Letitia Margaret Mason looked up from the letter she was writing as her attention was caught by the sounds. An expression of amazement followed by disgust and distress rose in her wine-brown eyes. No doubt the dogs were being followed by men in white sheets, men intent on riding down some poor black man running pell-mell and terror-stricken through the warm summer night. She had been told that Louisiana was a place of violence and danger just now, while it was undergoing the chastening process of reconstruction. She had not expected to have evidence of it the first evening of her arrival.
She had also been warned that the state was no place for a woman traveling alone, particularly a Northern woman. She might well be subjected to insult and ostracism, it was said, if not worse. The protective attitude of Southern gentlemen toward ladies might not extend to females from above the Mason-Dixon line, certainly not to those who were headstrong and argumentative.
Her elder sister, and especially her sister’s husband, had been astonished, even aghast, at Letitia’s need to journey to the South. They had considered it madness enough when she had insisted on getting a teacher’s certificate after the war, since there was no financial need for it. This new start of hers was beyond anything. It was her mother who had supported her. “Leave Lettie alone,” she had told them. “She’s only doing what she must.”
Lettie had begun to think the tales and warnings greatly exaggerated. She had received nothing but courtesy and kindness during the long trip by train and stage here to Natchitoches. Inquiring about accommodations of the stationmaster on her arrival, she had been told about the large, square-columned, two-storied house called Splendora that was three miles out of town, where she was now settled. The man had even commandeered a seat in a wagon for her from a farmer going in that direction.

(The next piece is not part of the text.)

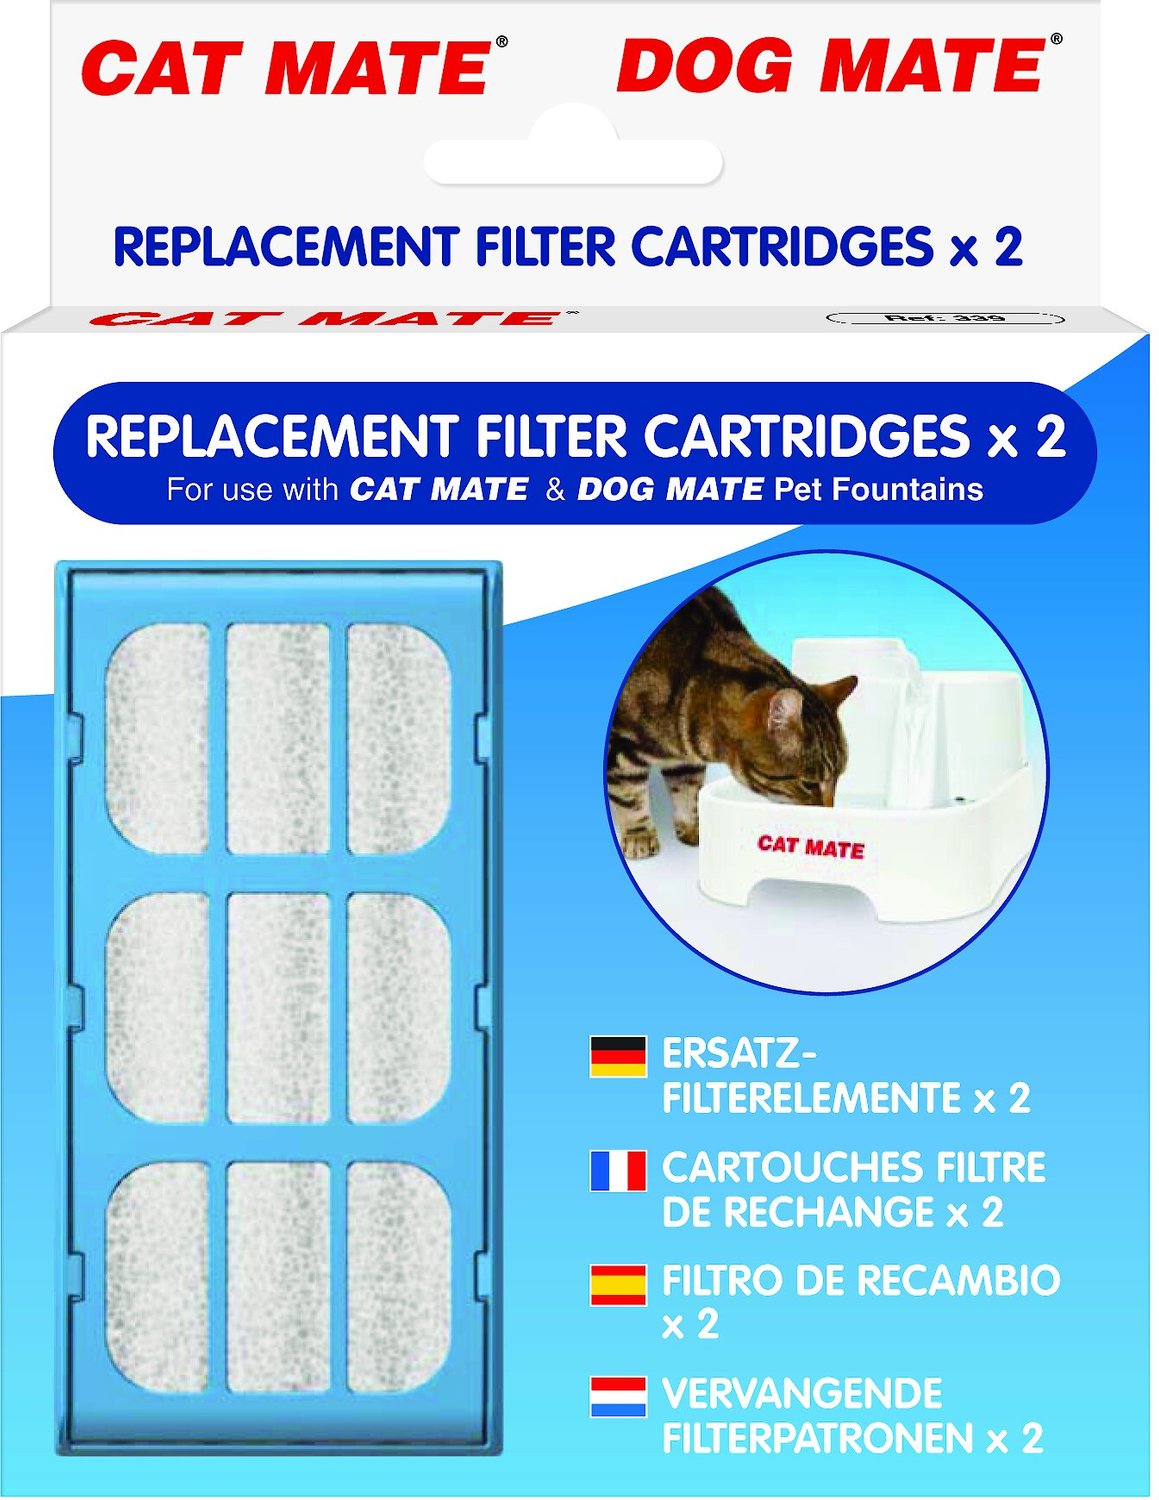 CAT MATE Replacement Filter Cartridges 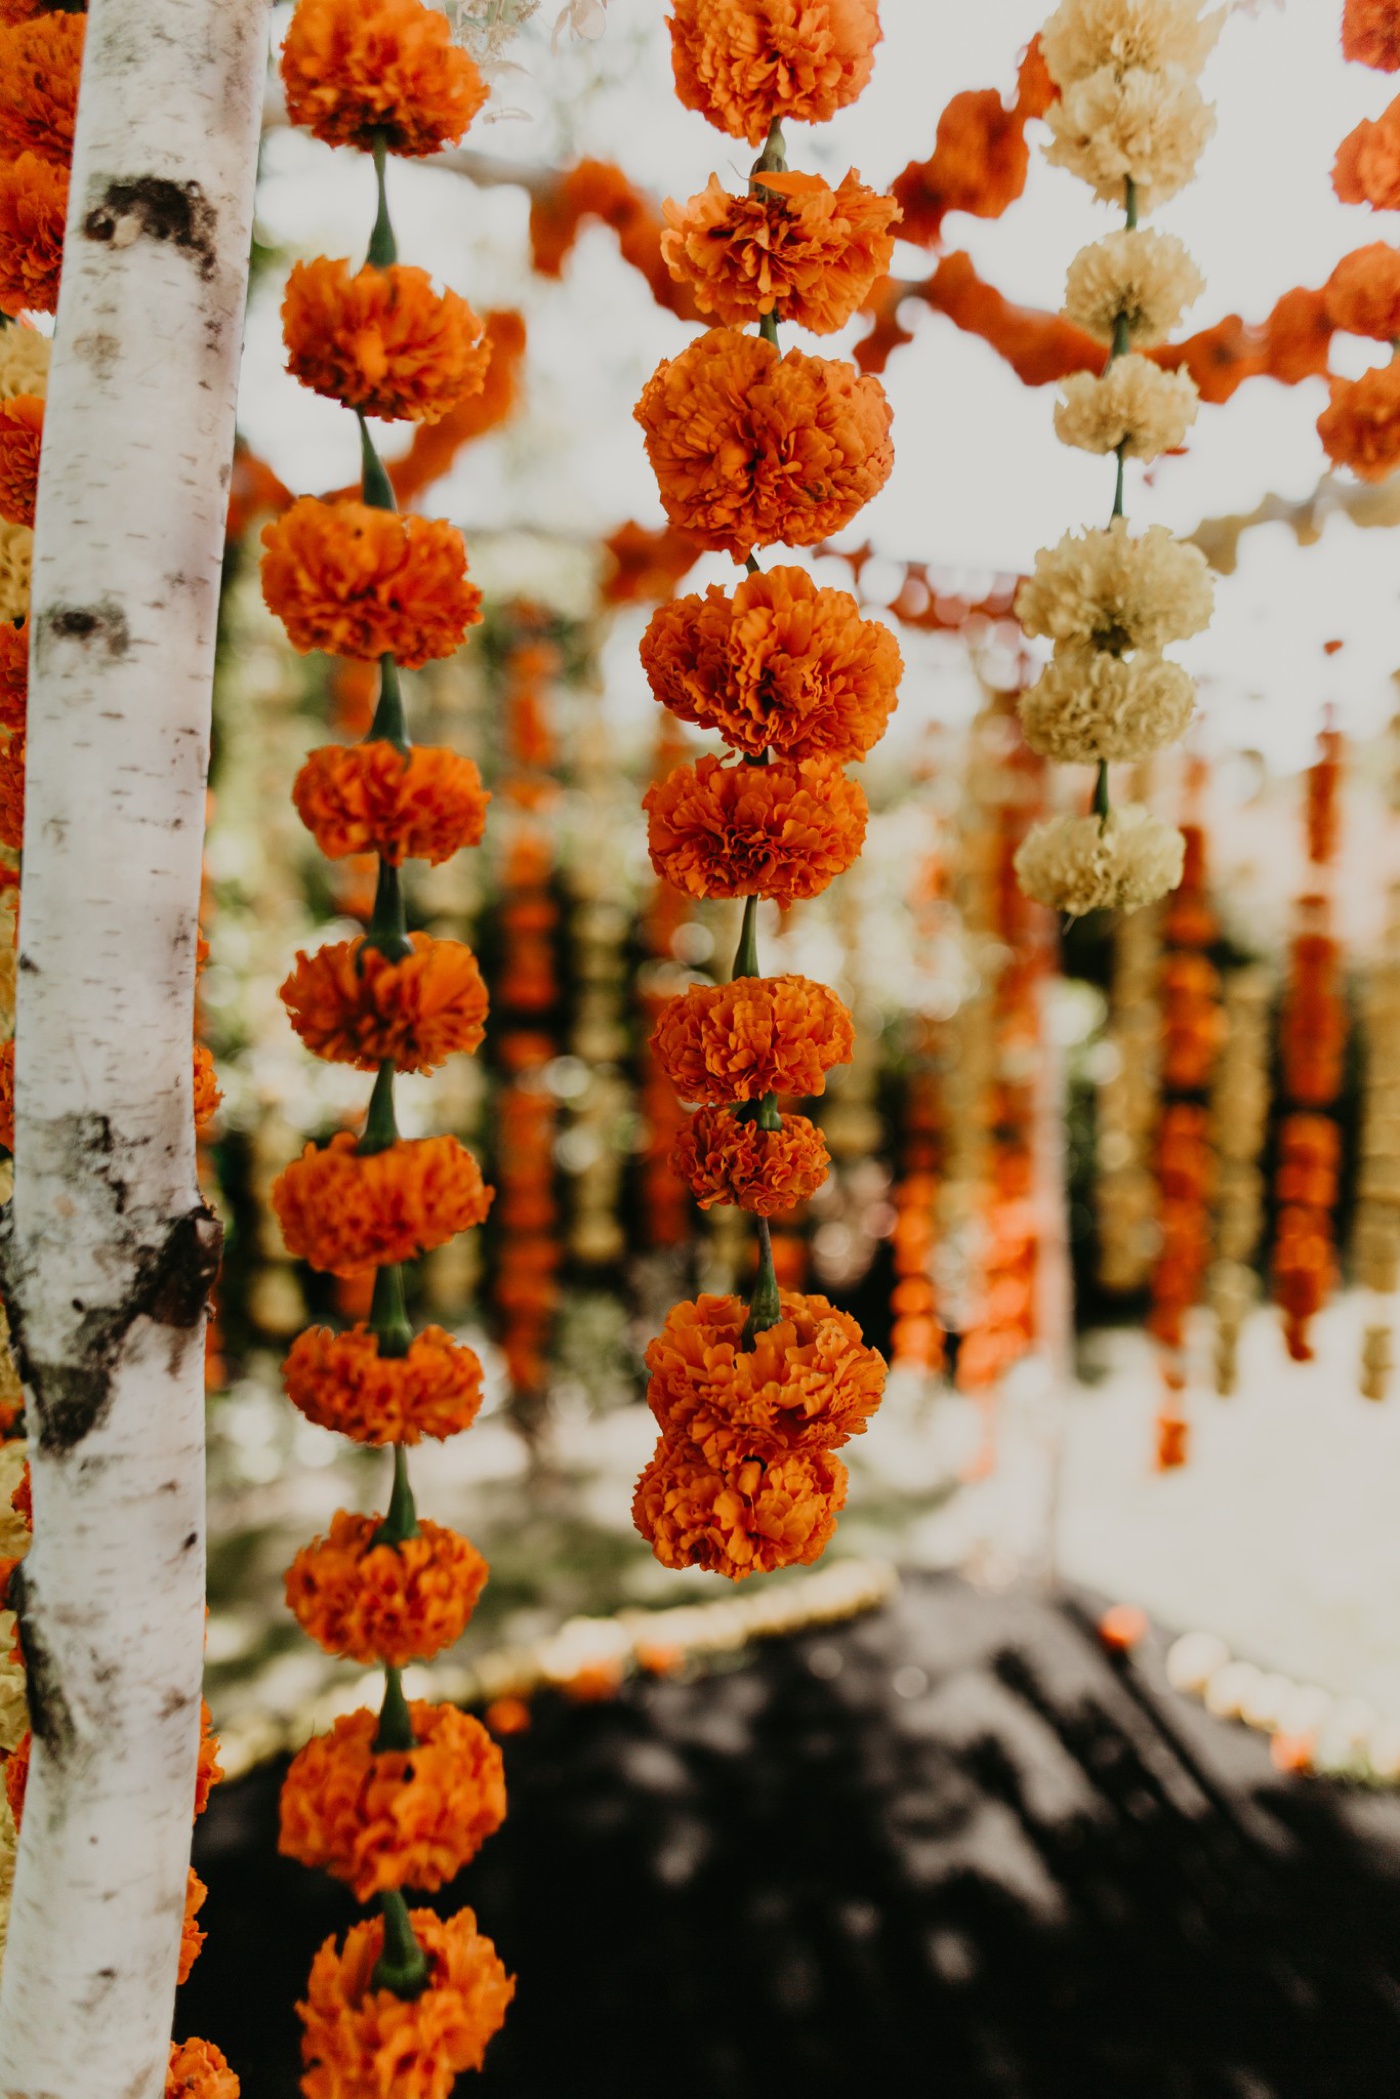 Birch wedding ceremony arch with hanging marigolds

It seemed that only that morning the lady of the house, Mrs. Emily Tyler, had decided to take in a boarder. The older woman, who was plump and kindly, with graying hair and snapping blue eyes, had accepted Lettie at once. She had been so afraid, she had declared, that she would have to give houseroom to a swearing, tobacco-spitting carpetbagger! Lettie must tell her if anything was wrong — she had never been a landlady before. But she had decided that money must be obtained somehow or the house that had been in disrepair since halfway through the War for Southern Independence was just going to fall down around their ears, those of herself and her nephew. She did hope that Lettie liked her front bedchamber. She must make herself at home, use the veranda and hall sitting room as she liked, and if she needed anything or if there was anything lacking for her comfort, she must not hesitate to say so.
So warm had been Aunt Em’s welcome, so natural her chatter, that within five minutes Lettie had been made to feel that she was an invited guest, “company,” instead of a boarder. The older woman had insisted on being called Aunt Em, since she was known that way to one and all, and Letitia had quickly become Lettie. Though used to more formality on first acquaintance, Lettie hadn’t had the heart to repulse so friendly an overture. She had been pleasantly relaxed in her new surroundings, until she heard the hounds.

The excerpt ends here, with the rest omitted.